Certain kinds of purity are inborn or inherent. For example, a person of a high rank i.e. the Brahmin/priestly caste is born with more inherent purity than the person of a low-ranking caste. Generally, purity is associated with ritual cleanliness. Ex: eating only appropriate foods for certain caste, i.e. Brahmins are supposed to eat only vegetarian food, refraining from involvement with ritually impure things, daily bath, avoiding physical contact with people who belong to lower rank, dressing with appropriate clothes of approved material. The people who belong to high ritual status avoid contact with items of death, body wastes, and excretions, which are typically polluting and threatening their ritual purity.

Caste-based violence

The caste system in India has been exploited against the Hindus, by the British, Christian Missionaries, Secular historians, Communists, etc. The political leaders of independent India had decided that India will be a socialist, democratic, and secular country. As per this policy, there is a separation between religion and state.  Discrimination or practicing untouchability against a person, based on his caste is legally forbidden in India. Besides this law, the government of India allows positive discrimination of the depressed classes of India. In spite of strict laws instances of caste-based violence are evident. Such violence is occurring in India in various forms every now and then. People of lower caste still continue to face discrimination, exclusion, poverty, and there are also acts of communal violence. Though enough policies and laws are made for their protection still a lot of awareness and proper implementation is required to derive fruitful results.

Pollution, Women, and Religion

A Hindu woman during her menstrual period is considered to be polluted and she must refrain from worshipping, cooking, or should avoid physical contact with older and younger people. During this period the women in South India would spend time sitting outside the house or resting in an isolated shed or room.

In Muslims during the period of time, Muslim women should not touch the holy Quran. Once the period ends, purity is restored in a woman after a complete bath.

Role of Caste Panchayat

Each caste had its own panchayat where the grievances of its caste members were heard. These caste panchayats are headed generally by the elder members of that caste and they had the power to excommunicate a member from his or her caste if they did not accept caste restrictions. Caste restrictions exist in commensality, or inter-dining, marriage, and general social intercourse, as well.
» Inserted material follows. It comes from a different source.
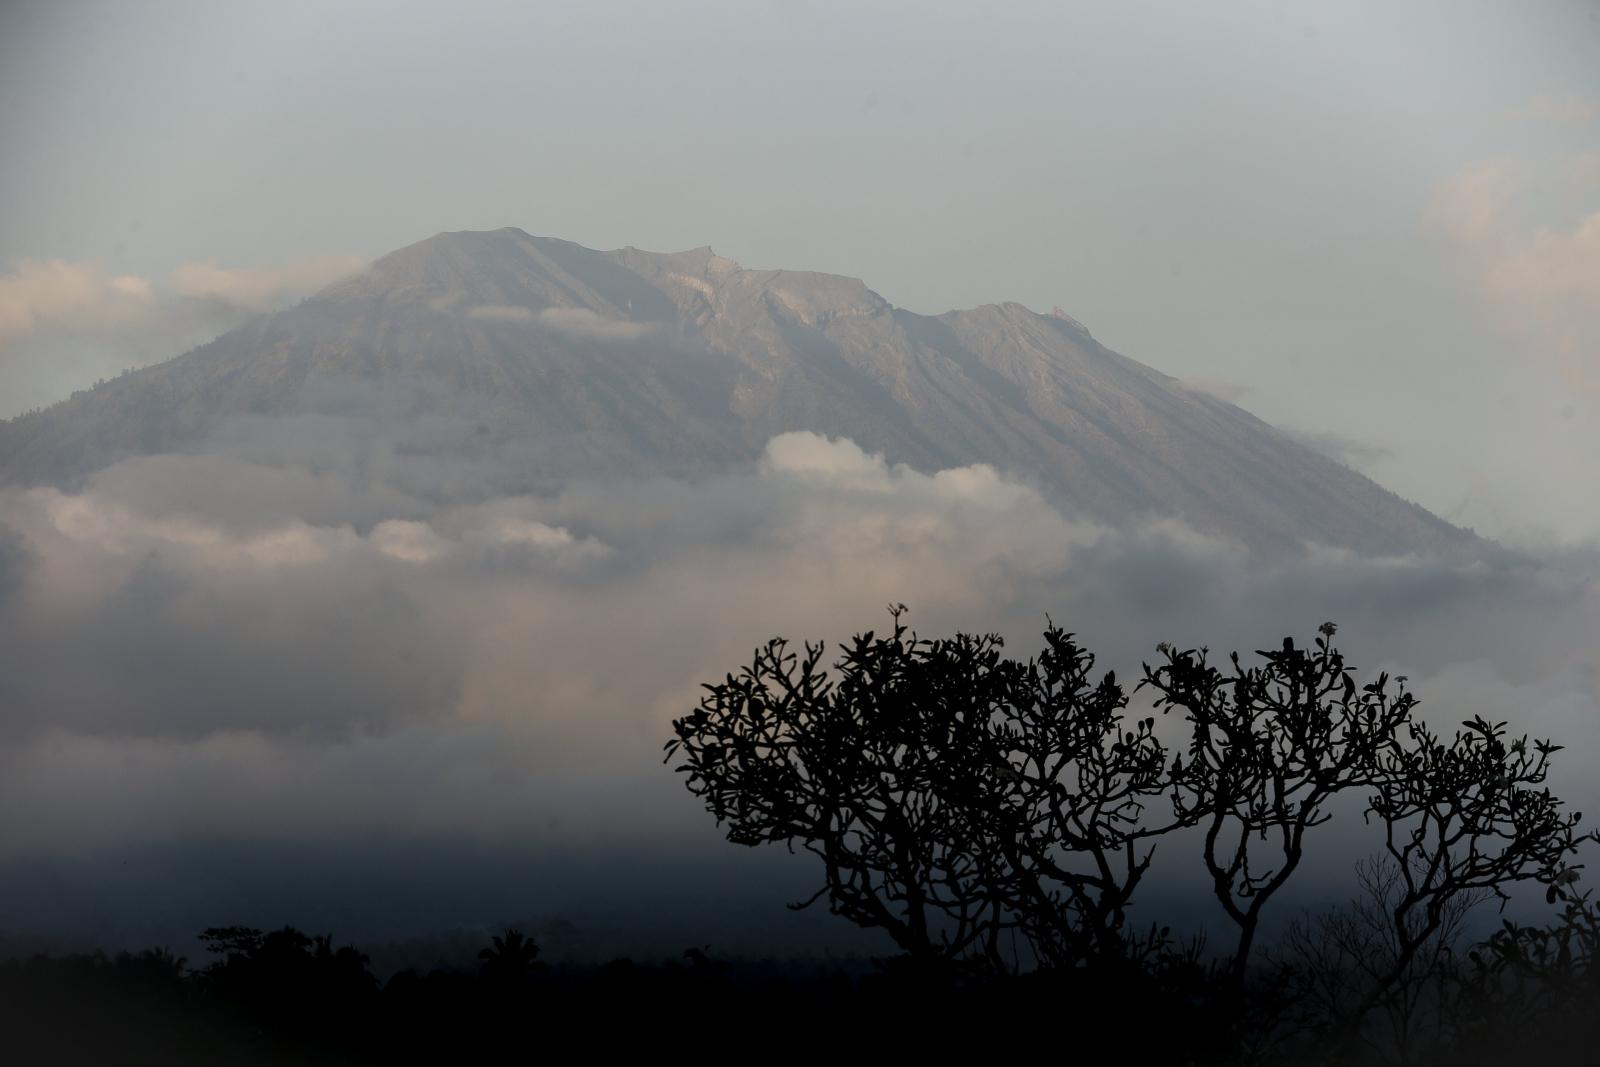 Wzrost aktywności wulkanu Mount Agung w Karangasem, na Bali EPA/MADE NAGI

Caste system in modern India

In urban areas of India, people are less strict about the caste system than the rural areas. Urbanization has destroyed the feeling of the caste system as many people from various castes live together in the cities. Cities in India have a unique character where the ghettoing of the backward classes is not possible and this feature would help in bringing together a number of different caste people living together. In the social life of cities where they’re a lot of recreational centers, it is not possible to observe any taboo. Urbanization had reduced the competition between different castes due to their widely distributed character and also by giving preference to their economic priorities. Because of the growth in urbanization, the caste associations have extended their area of concern beyond the local politics into national politics.

Conclusion:

Though caste norms in India may have once had a rationale, but these norms are outlived today. The caste system is not stagnant and is undergoing changes under the impact of modernization. The caste system in India should undergo major reforms in the social arena so that unjustified discrimination and abuse is eliminated.